With the help of contemporary interfaces, users may do difficult activities faster and with less mental strain. A voice command to an AI assistant, for example, can take the place of several steps in typical app interface navigation, and as interfaces have developed, they have grown increasingly cognizant of user context. In order to deliver more relevant and customized interactions, AI-driven interfaces can take into account variables like user history, preferences, location, and even emotional state.
The newest interfaces allow for more than one way to engage. Text, speech, touch, and even gesture inputs can all be combined with ease, giving users the flexibility to communicate anyway seems most comfortable or natural at the time. Modern AI-driven interfaces are not limited to reacting to user input; instead, they can anticipate user needs and make recommendations or take proactive actions. One such example is Claude and the artifacts, which can generate and run applications directly for the user, thereby providing a significant step towards meeting yet unmet needs.
Looking Ahead: The Convergence of Interfaces
We should expect to witness a confluence of these different interface paradigms in the future. In the future, it might not be necessary to decide between speech, GUI, or AI; instead, these modalities could be seamlessly combined to produce rich, context-aware experiences.
Interfaces utilizing speech, AI, and GUI are merging to produce a more comprehensive user experience.

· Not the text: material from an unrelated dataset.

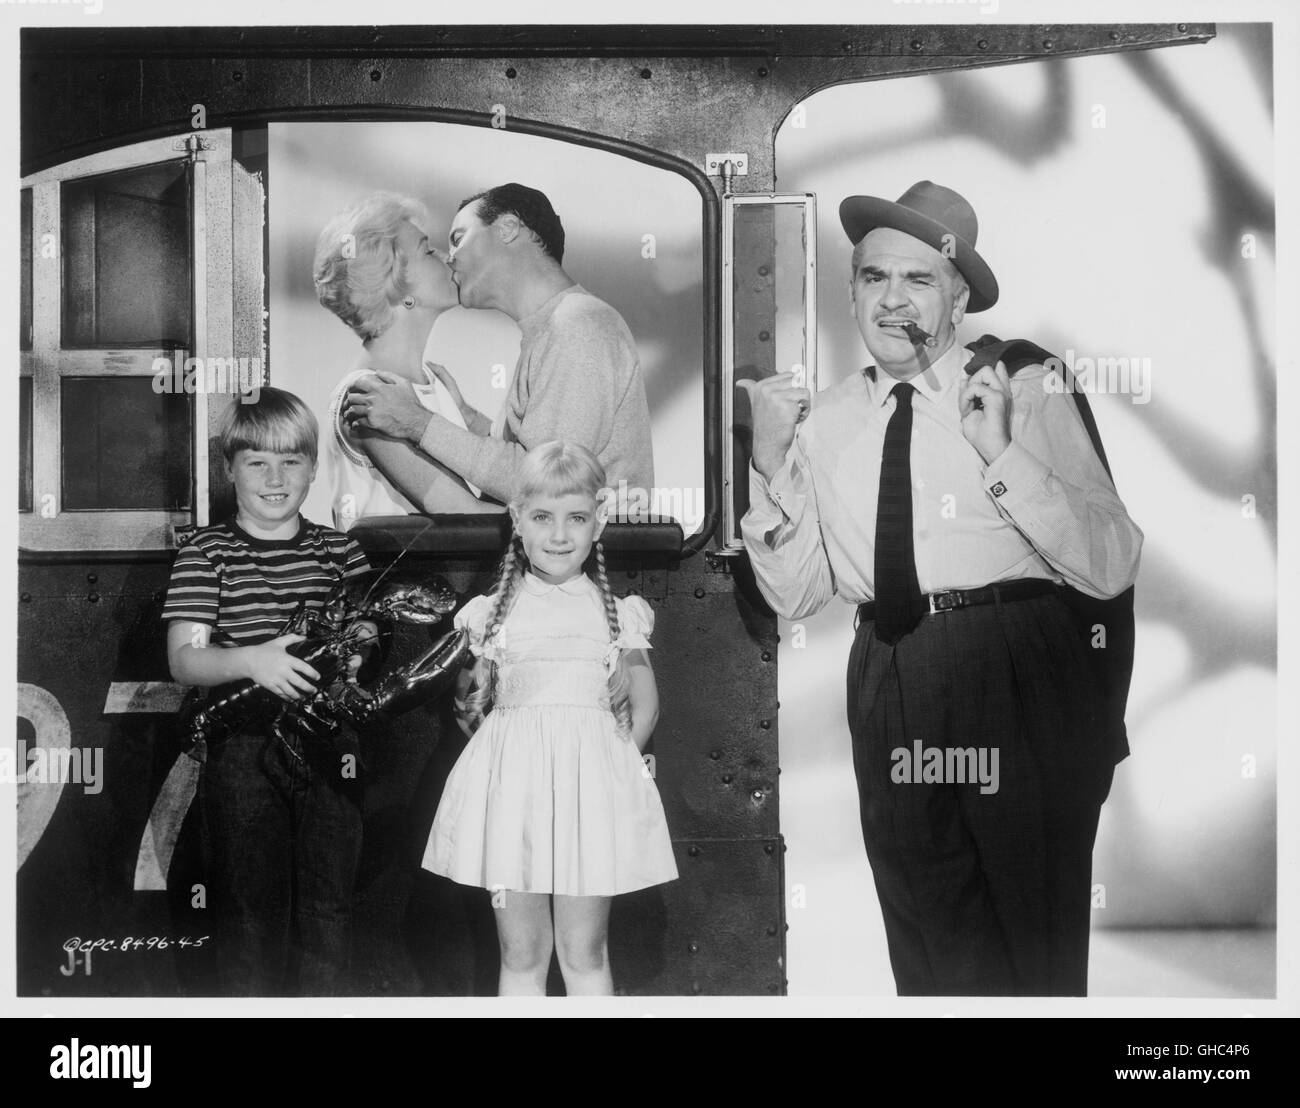 IT HAPPENED TO JANE USA 1959 Richard Quine Jane Osgood (DORIS DAY), George Denham (JACK LEMMON) as kissing couple, the children Billy and Betty Osgood (TEDDY ROONEY, GINA GILLESPIE) and Harry Foster Malone with cigar (ERNIE KOVACS) Regie: Richard Quine Stock Photo

The distinctions between various interface modalities become less clear in this future, enabling more effortless and productive interactions.

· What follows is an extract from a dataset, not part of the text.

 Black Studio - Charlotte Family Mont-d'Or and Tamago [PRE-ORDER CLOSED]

Speaking with an AI assistant to begin a task, for instance, may be followed by a smooth transition to manipulating data on a graphical interface, all the while the AI keeps offering context-aware actions and recommendations. The future of user interface design is represented by this convergence, which promises more potent, intuitive, and consistent user experiences.
Conclusion
The transition from command-line to AI-driven user interfaces is indicative of a move towards more powerful, intuitive, and natural human-computer interaction. As we've seen, this evolution has progressed by building on the advantages of each step while resolving their drawbacks.

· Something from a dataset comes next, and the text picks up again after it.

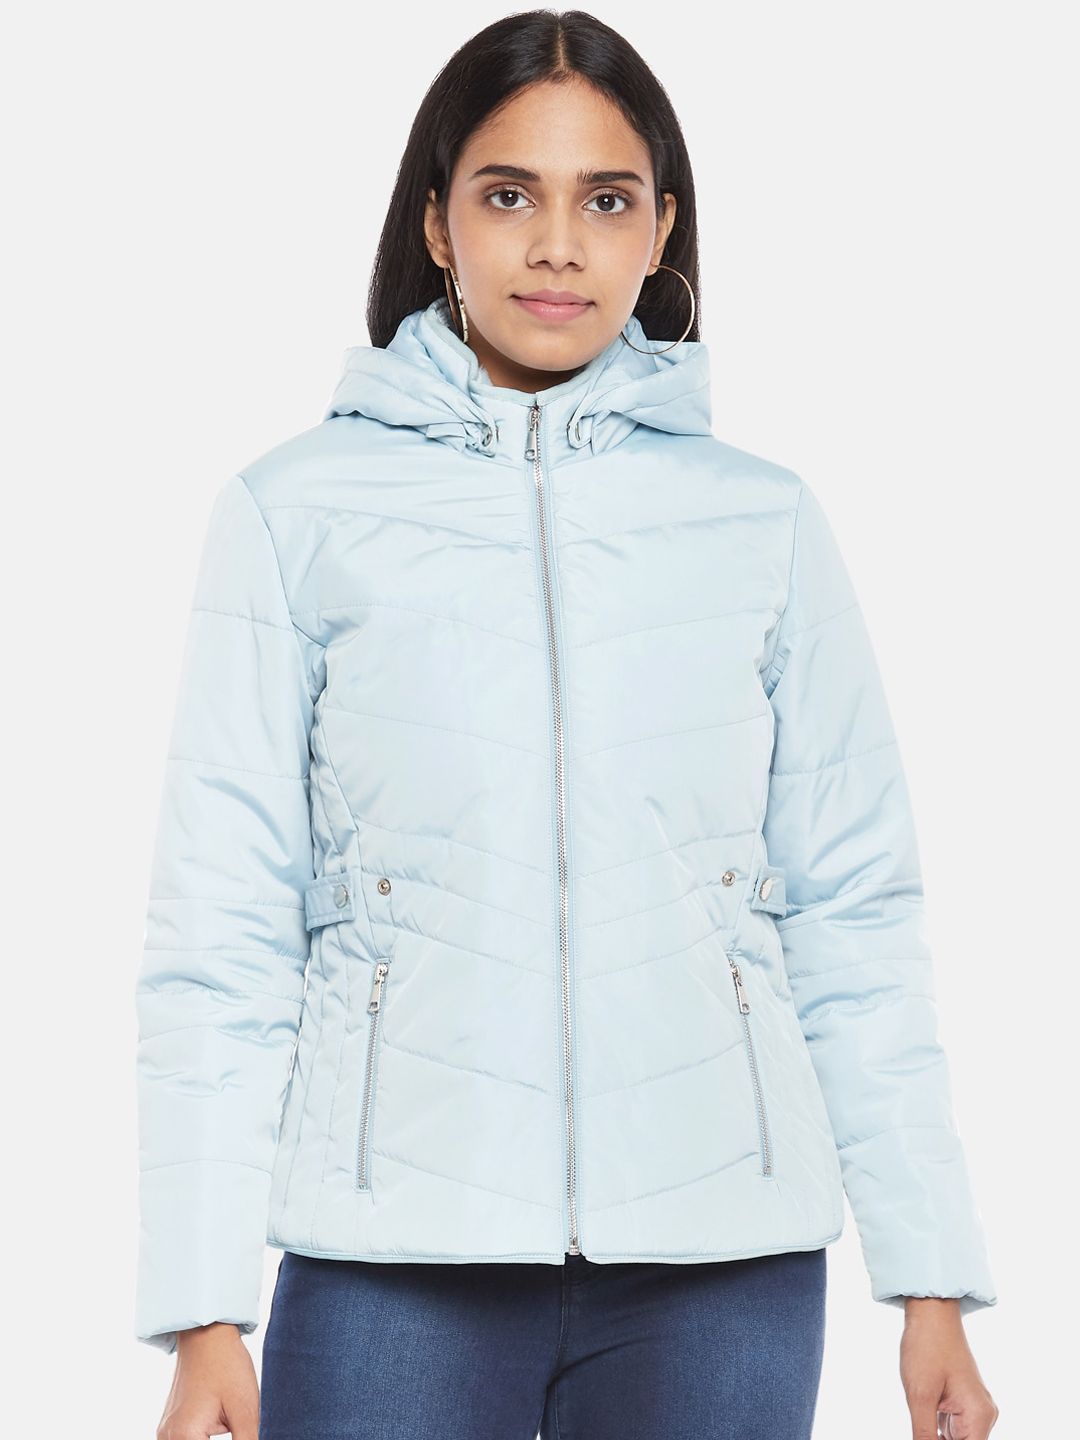 Honey by Pantaloons Women Blue Puffer Jacket Price in India

The smooth integration of several modalities—visual, audio, and conversational—supported by intelligent artificial intelligence (AI) that can recognise context, predict needs, and adjust to specific users is the key to the future of user interfaces. This convergence holds the prospect of improving technology's efficiency, accessibility, and cognitive fit with humans.
Approaching the dawn of a new era, it is imperative that developers, designers, and companies embrace these shifts. Businesses who can successfully employ AI to build user experiences that seem more like dealing with an intelligent collaborator and less like using a tool will be the ones that survive in the years to come.
The transition from applications to natural language interfaces is a fundamental rethinking of our relationship with technology, not just a change in technology. We are getting closer to a time when technology actually comprehends and anticipates human wants, blending into every part of our life as we keep pushing the envelope of what's possible.